*** ----> Machine Learning Creates a Massive Map of Smelly Molecules | THE DAILY TRIBUNE | KINGDOM OF BAHRAIN

Machine Learning Creates a Massive Map of Smelly Molecules

TDT | Agencies

The Daily Tribune – www.newsofbahrain.com

To a human nose, hydrogen sulfide smells like rotten eggs, geranyl acetate like roses. But the problem of guessing how a new chemical will  smell  without having someone sniff it has long stumped food scientists, perfumers and neuroscientists alike.

Now, in a study published in  Science, researchers describe a machine-learning model that does this job. The model, called the Principal Odor Map, predicted smells for 500,000 molecules that have never been synthesized—a task that would take a human 70 years.

“Our bandwidth for profiling molecules is orders of magnitude faster,” says Michigan State University food scientist Emily Mayhew, who co-led the study. The color of light is defined by its wavelength, but there’s no such simple relationship between a molecule’s physical properties and its smell.

A tiny structural tweak can drastically alter a molecule’s odor; conversely, chemicals can smell similar even with different molecular structures. Earlier machine-learning models found associations between the chemical properties of known odorants (called chemoinformatics) and their smells, but predictive performance was limited.

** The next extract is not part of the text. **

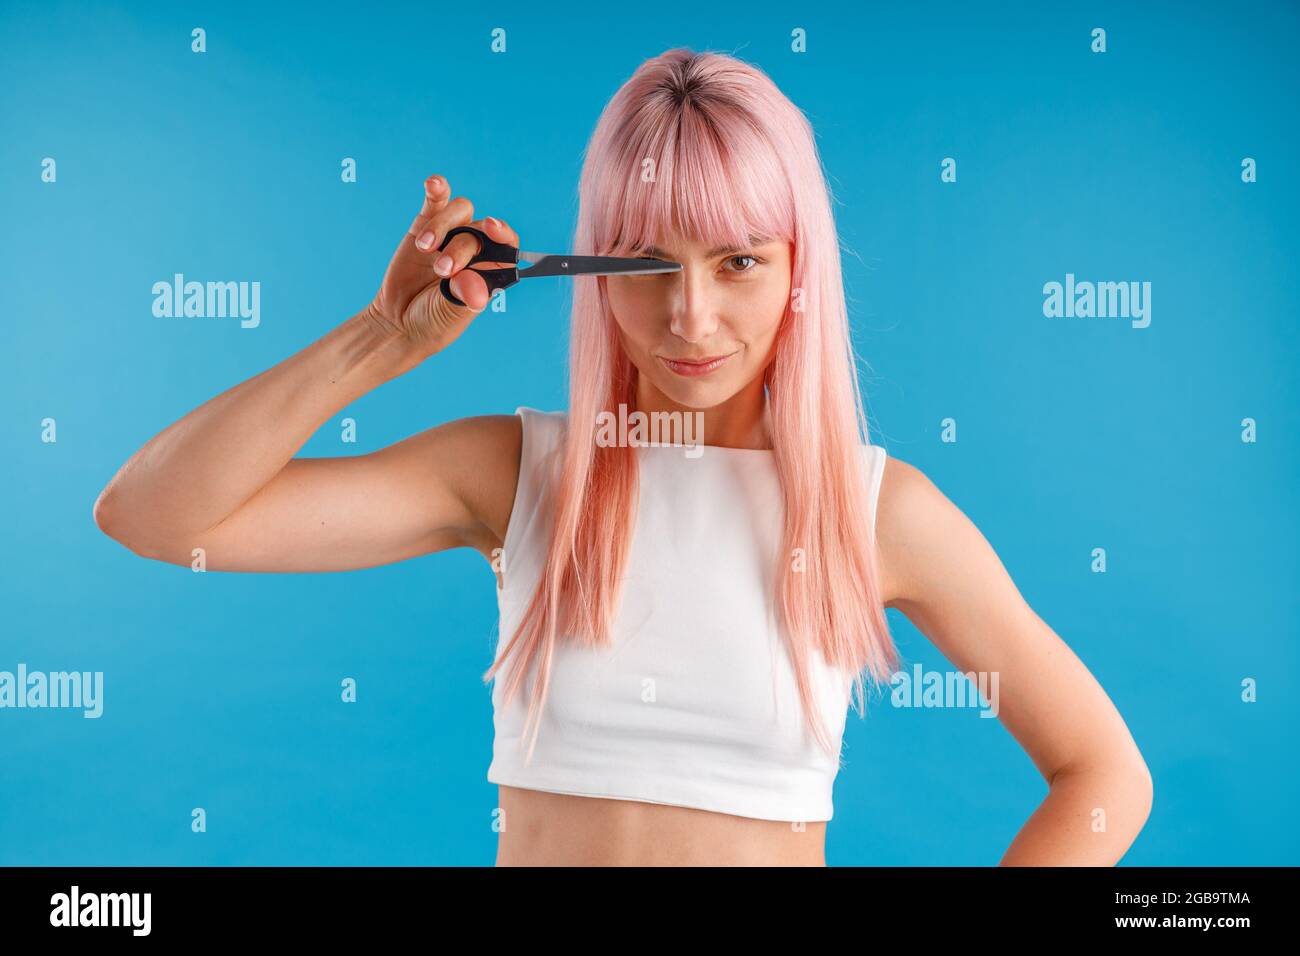 Fashionable Girl Pink Wig Holding Scissors Isolated Pink Stock Photo by  ©EdZbarzhyvetsky 228938530

In the new study, the researchers trained a neural network with 5,000 known odorants to emphasize 256 chemical features according to how much they affect a molecule’s odor. Rather than using standard chemoinformatics, “they built their own,” says Pablo Meyer Rojas, a computational biologist at IBM Research, who was not involved in the study.

“They directly inferred the properties that are related to smell,” he says—although how the model arrives at these predictions is too complex for a human to understand. The model creates a giant map of odors, with each molecule’s coordinates determined by its chemical properties.

The model also predicts how each molecule will smell to a human, using 55 descriptive labels such as “grassy” or “woody.” Remarkably, similar-smelling odorants appeared in clusters on the map—a feature prior odor maps couldn’t achieve.